The experiments described in the previous section provided several noteworthy observations. This section provides a discussion on five topics, namely (1) accuracy, (2) computational time, (3) feature analysis, (4) homoscedastc vs additive loss function, and (5) use-case scenario.

5.1 Discussion on accuracy

A major performance difference between the multi-task networks and the single-task networks can be seen in the average accuracy. The multi-task networks significantly outperform the single-task networks for material identification and have comparable performance for the identification of damage as evidenced in Table 5. Further insight into the reasons for this improvement can be drawn by looking at predictions of some of the images in the test set.

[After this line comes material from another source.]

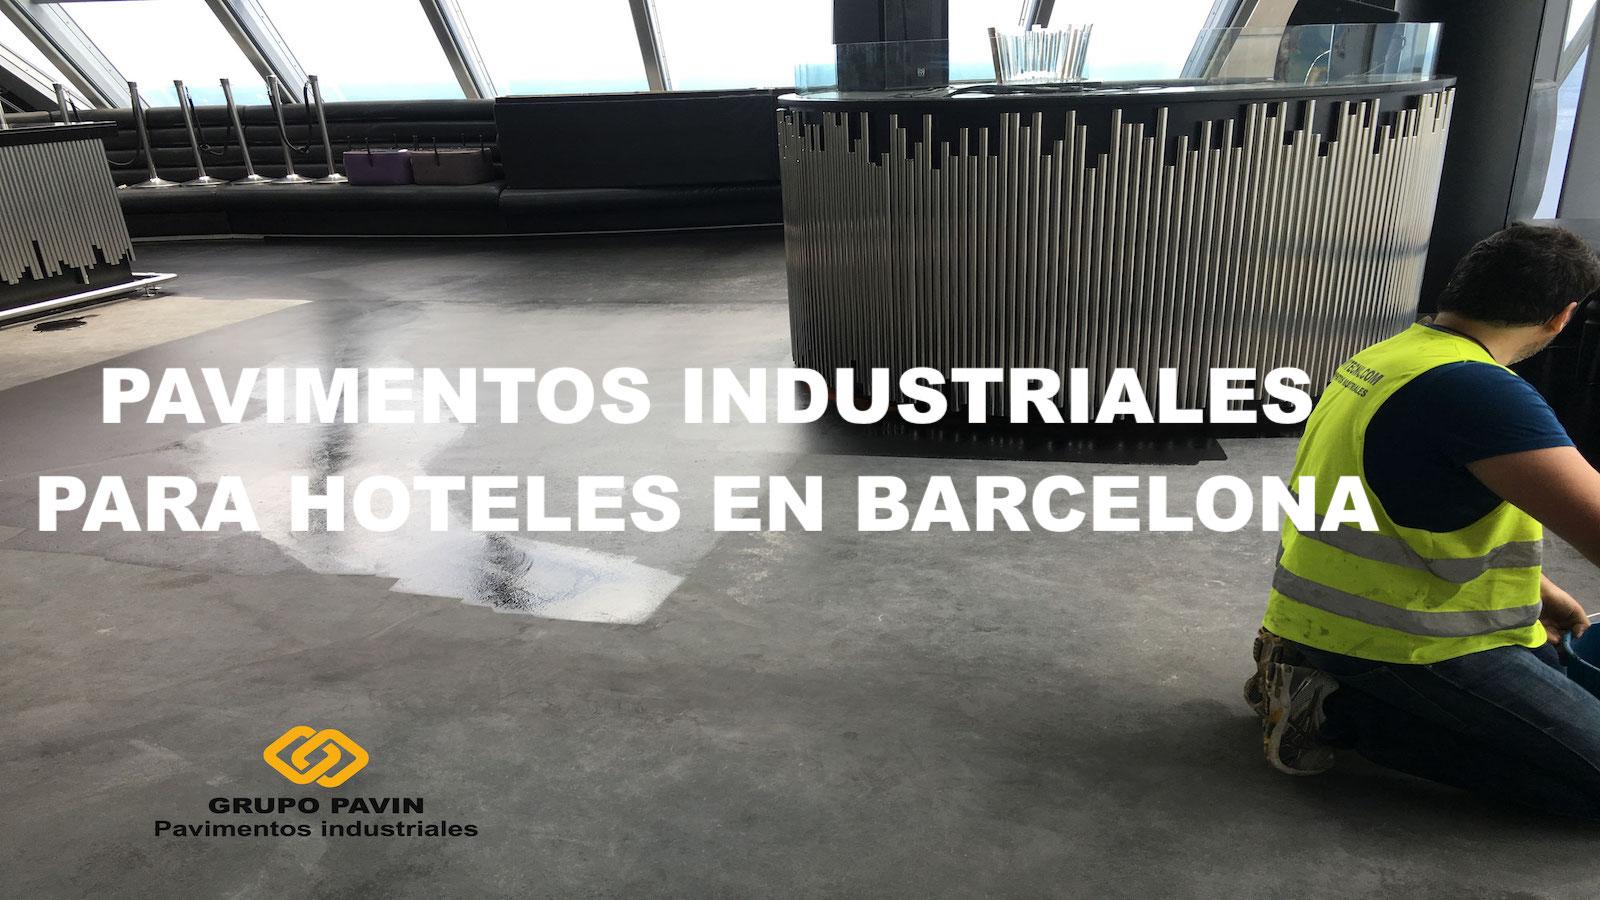 Pavimentos industriales para hoteles

Sample images where the accuracy between MaDnet and the single network differed significantly are presented in Table 5. Results from all the networks for two different images are shown in Fig. 10. Sample results of automated structural inspection using the multi-task network with additive loss function are shown in Fig. 11. In both these cases, MaDnet is able to identify that the material in the entire image is steel, whereas the single network is unable to do so. One hypothesis is that in the multi-task networks, both the material and damage tasks work together to reinforce the correct prediction. While the damage identification of both networks is similar, the identification of corrosion makes it clear to MaDnet that the material of the beam is steel as opposed to concrete.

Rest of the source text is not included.